The pope observed that the word “Eucharist” derives from the Greek for “thanksgiving.”
“Christians, as all believers, bless God for the gift of life. To live is above all to have received. All of us are born because someone wanted us to have life. And this is only the first of a long series of debts that we incur by living. Debts of gratitude,” he said.
“During our lives, more than one person has gazed on us with pure eyes, gratuitously. Often, these people are educators, catechists, persons who carried out their roles above and beyond what was required of them. And they provoked us to be grateful. Even friendship is a gift for which we should always be grateful.”
The pope said that Christian gratitude grew out of an encounter with Jesus. He observed that in the Gospels those who met Christ often responded with joy and praise.

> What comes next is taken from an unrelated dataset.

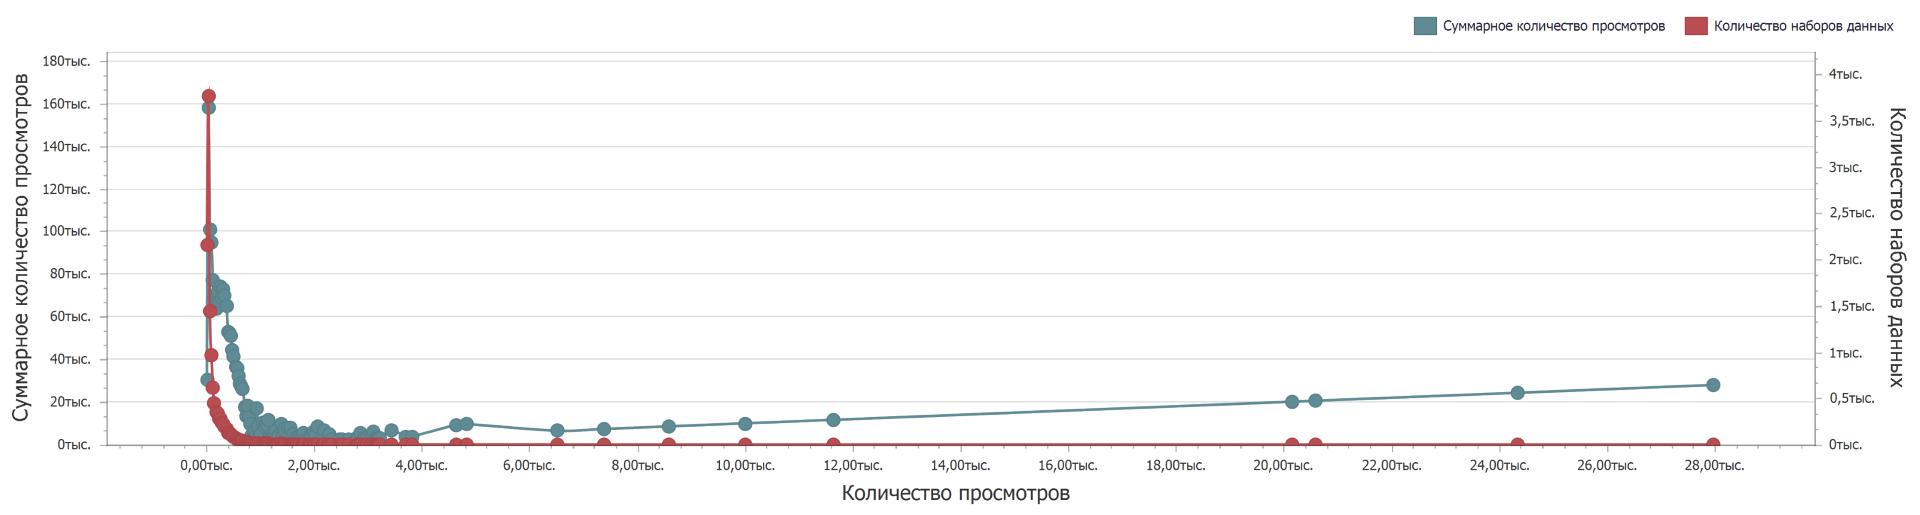 Распределение просмотров наборов открытых данных с портала data.gov.ru

“The Gospel accounts are filled with prayerful people who are greatly touched by the coming of the Savior. And we too are called to participate in this immense jubilation,” he said.
“The episode of the 10 lepers who are healed also suggests this. Naturally, all of them were happy for having recovered their health, allowing them to end that unending forced quarantine that excluded them from the community.”

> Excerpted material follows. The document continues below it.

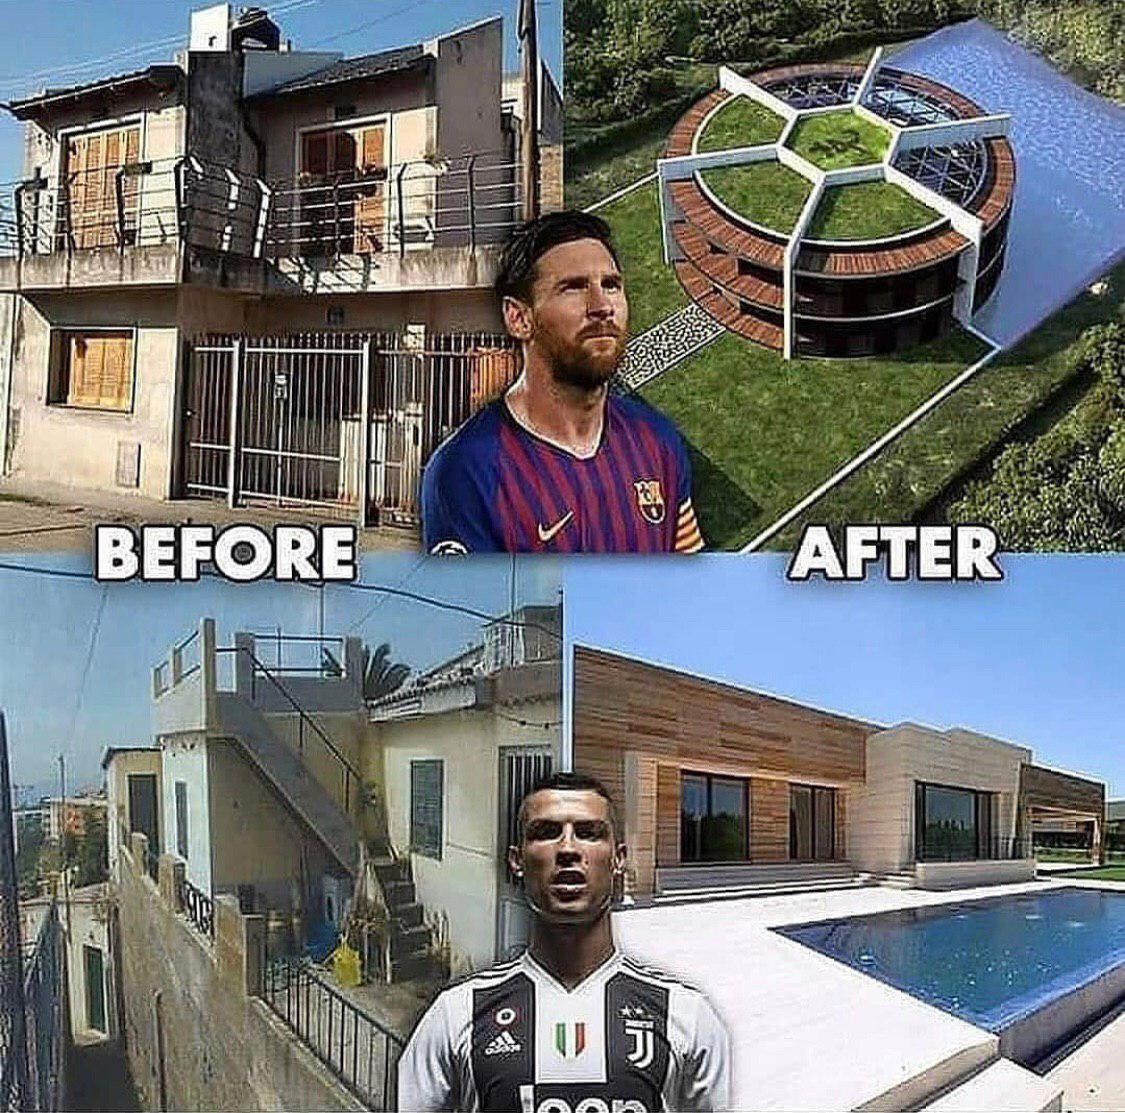 تفاوت زندگی رونالدو و مسی قبل و بعد از ثروتمند شدن +عکس

“But among them, there was one who experienced an additional joy: in addition to being healed, he rejoices at meeting Jesus. He is not only freed from evil, but he now possesses the certainty of being loved. This is the crux: when you thank someone, give thanks, you express the certainty that you are loved. And this is a huge step: to have the certainty that you are loved. It is the discovery of love as the force that governs the world.”
The pope continued: “Therefore, brothers and sisters, let us seek to remain always in the joy of encountering Jesus. Let us cultivate joyfulness. The devil, instead, after having deluded us — with whatever temptation — always leaves us sad and alone. If we are in Christ, there is no sin and no threat that can ever prevent us from continuing joyfully on our way, together with many other companions on the road.”
The pope urged Catholics to follow the “path to happiness” that St. Paul outlined at the end of his First Epistle to the Thessalonians, saying: “Pray constantly, give thanks in all circumstances; for this is the will of God in Christ Jesus for you. Do not quench the Spirit” (1 Thes 5:17-19).
In his greeting to Polish-speaking Catholics, the pope highlighted the Year of St. Joseph, which began on Dec. 8.
He said: “Dear brothers and sisters, as we approach the end of this year, we do not evaluate it only through the sufferings, difficulties, and limitations caused by the pandemic. We glimpse the good received in each day, as well as the closeness and benevolence of people, the love of our loved ones, and the goodness of all those around us.”
“Let us thank the Lord for every grace received and let us look with confidence and hope to the future, entrusting ourselves to the intercession of St. Joseph, patron saint of the new year. May it be for each of you and for your families a happy year full of divine graces.”
At the end of the audience, Pope Francis prayed for the victims of the magnitude 6.4 earthquake that struck Croatia on Dec. 29.
He said: “Yesterday an earthquake caused casualties and extensive damage in Croatia. I express my closeness to the injured and to those affected by the earthquake, and I pray in particular for those who have lost their lives and for their families.”
“I hope that the authorities of the country, with the help of the international community, will soon be able to alleviate the suffering of the dear Croatian people.”